Crazy Mac and Cheese (this is a 1/2 recipe...and it was enough to generously feed four)1
10 oz mushrooms halved (baby bellas tonite), pre sauteed, nice and crusty brown in a little oil.
1 cup shredded cooked chix
4 slices cooked bacon, in chunks
1 & 1/2 tsp Kosher salt
Vegetable oil
1/2 pound elbow macaroni or cavatappi
(2 cups) milk (we used 2%)
4 tablespoons (1/2 stick)butter, divided
1/4 cup all-purpose flour
6 ounces Gruyere, grated (2 cups)
4 ounces extra-sharp Cheddar, grated (1 cups)
1/4 teaspoon freshly ground black pepper
1/4 teaspoon ground nutmeg
3/4 cups bread crumbs
Directions
Preheat the oven to 375 degrees F.
Drizzle oil into a large pot of boiling salted water. Add the macaroni and cook according to the directions on the package, 6 to 8 minutes. Drain well.
Meanwhile, heat the milk in a small saucepan, but don't boil it.
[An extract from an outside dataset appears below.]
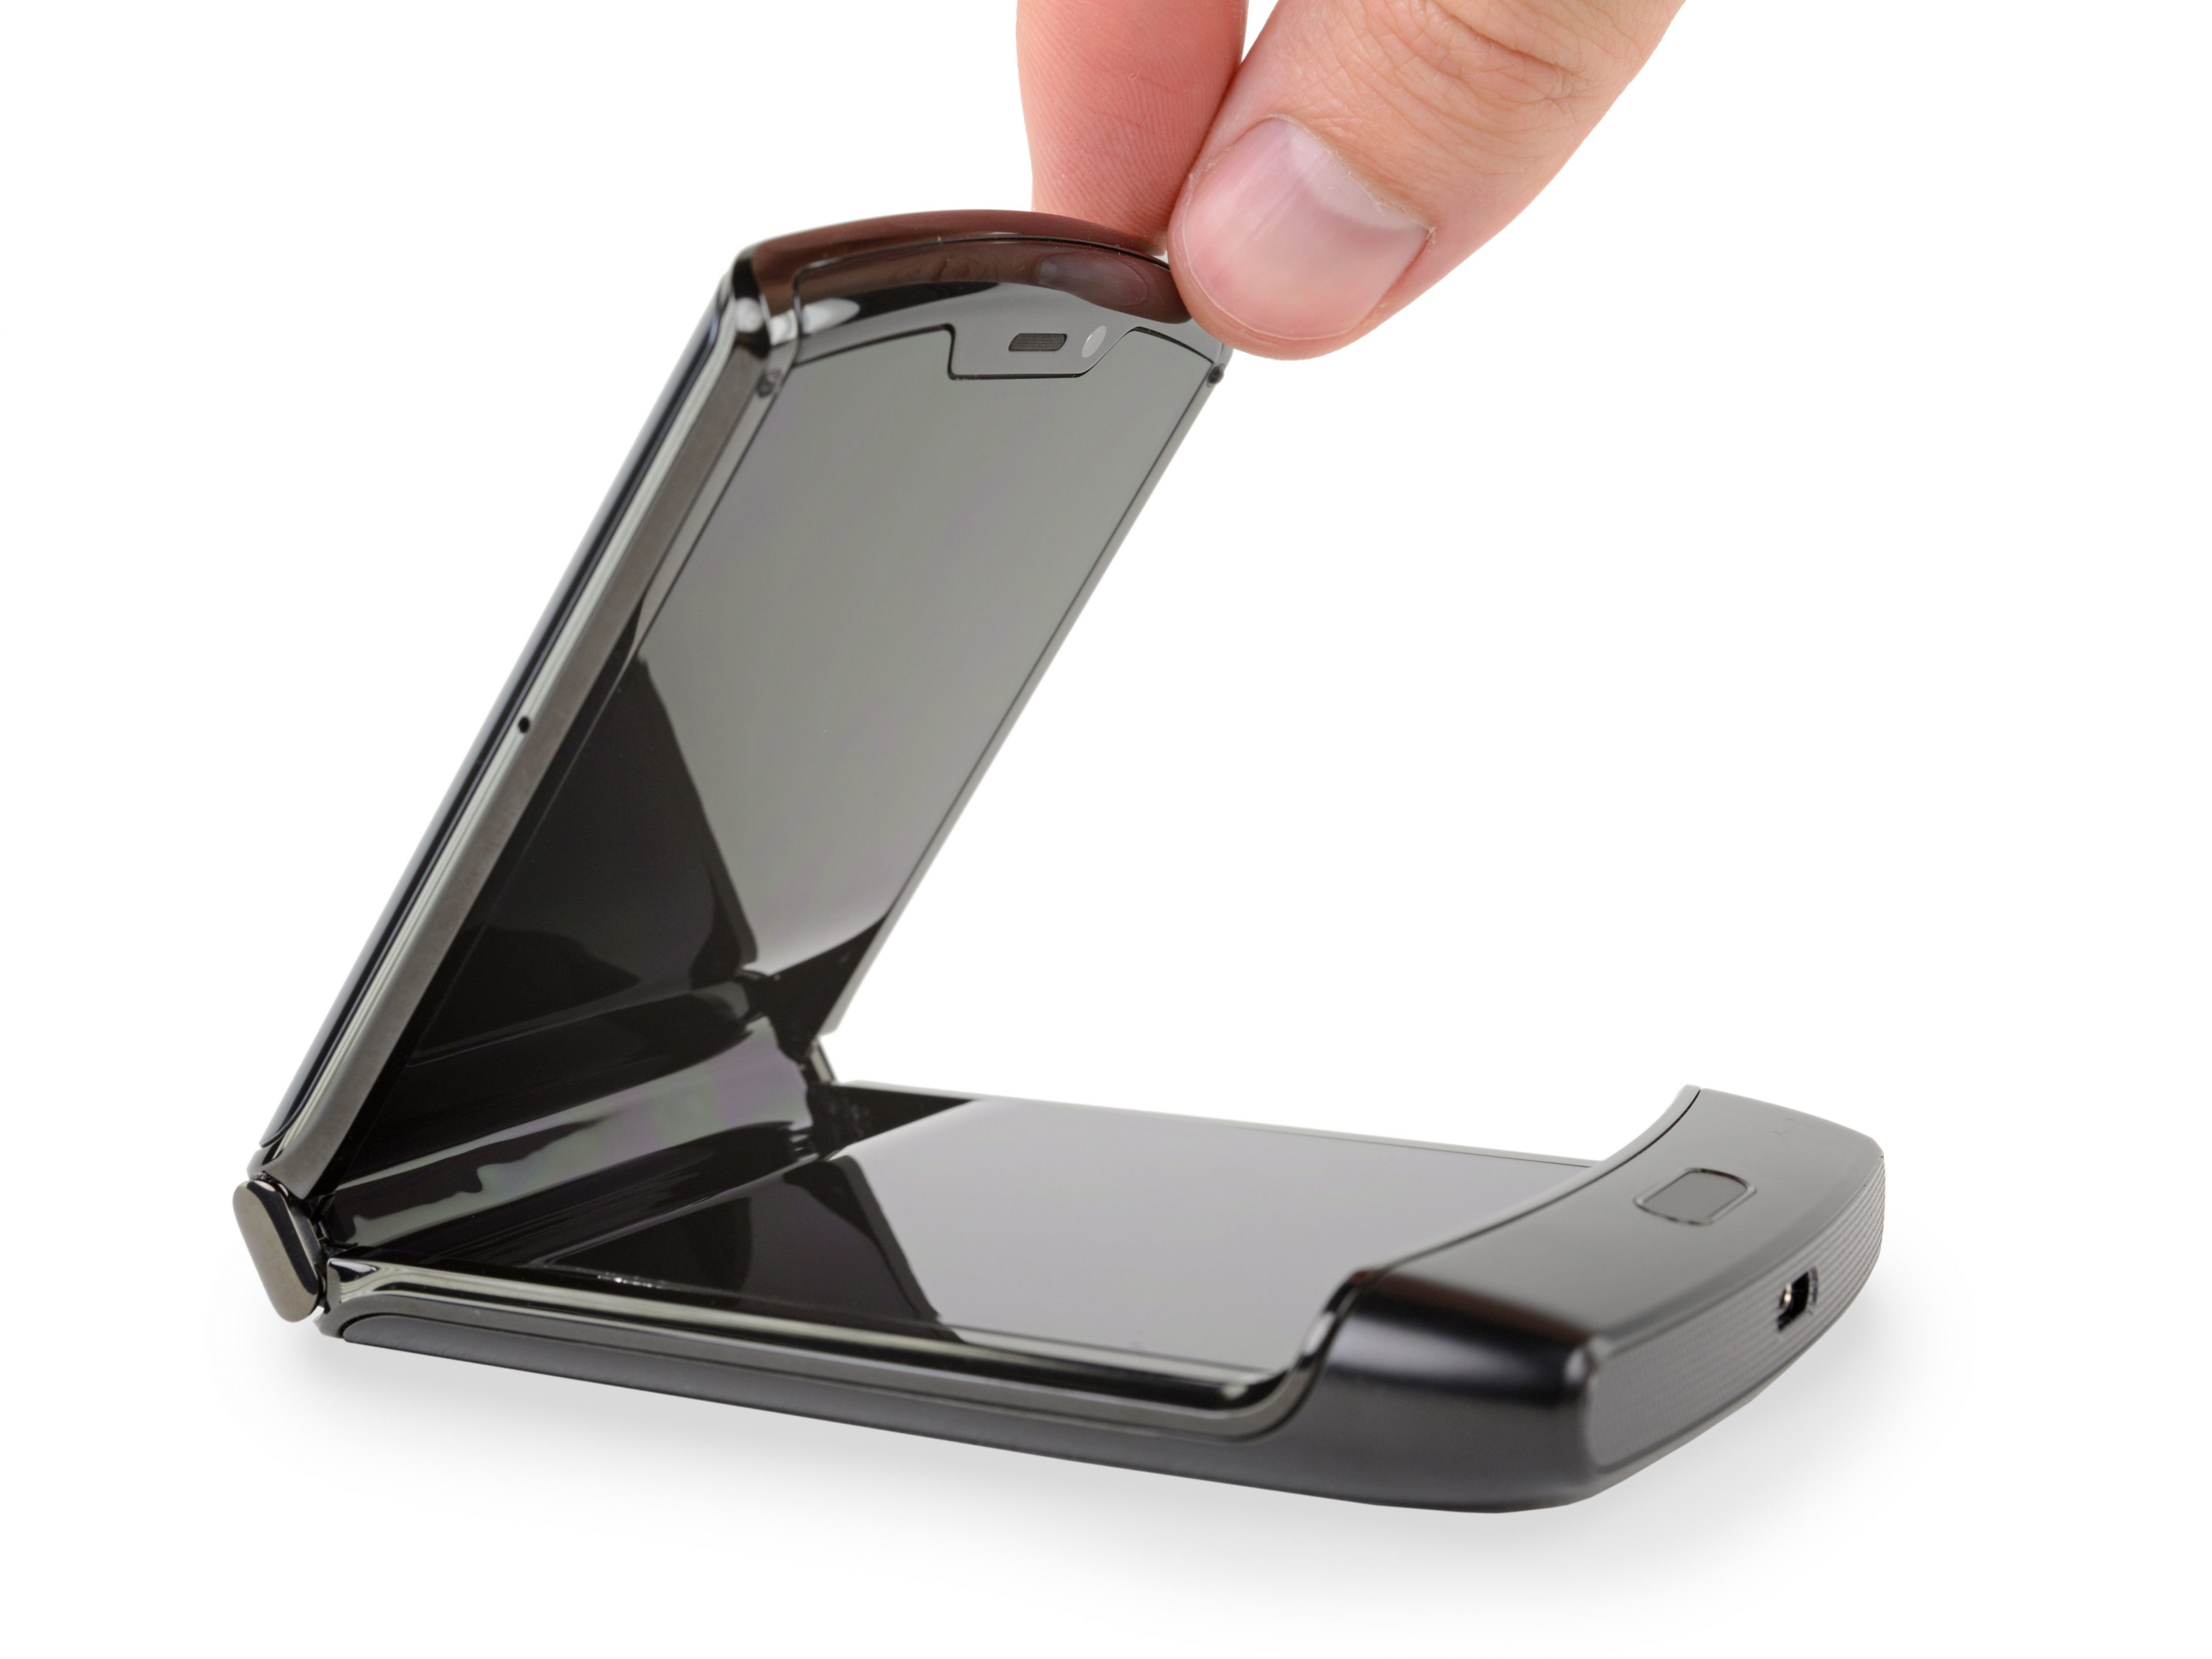 Tháo tung Motorola Razr cùng iFixit: một trong những chiếc điện thoại phức tạp nhất!

Melt 2 tablespoons of butter in a large (4-quart) pot and add the flour. Cook over low heat for 2 minutes, stirring with a whisk. While whisking, add the hot milk and cook for a minute or two more, until thickened and smooth. Off the heat, add the Gruyere, Cheddar, 1 &1/2 tsp salt, pepper, and nutmeg, chix, bacon & mushrooms. Add the cooked macaroni and stir well. Pour into a 3-quart baking dish.
Melt the remaining 2 tablespoons of butter, combine them with the fresh bread crumbs, and sprinkle on the top. Bake for 30 to 35 minutes, or until the sauce is bubbly and the macaroni is browned on the top.
The mac n cheese was better than even imagined...with a little bread crumb topping...crunchy and creamy all at once.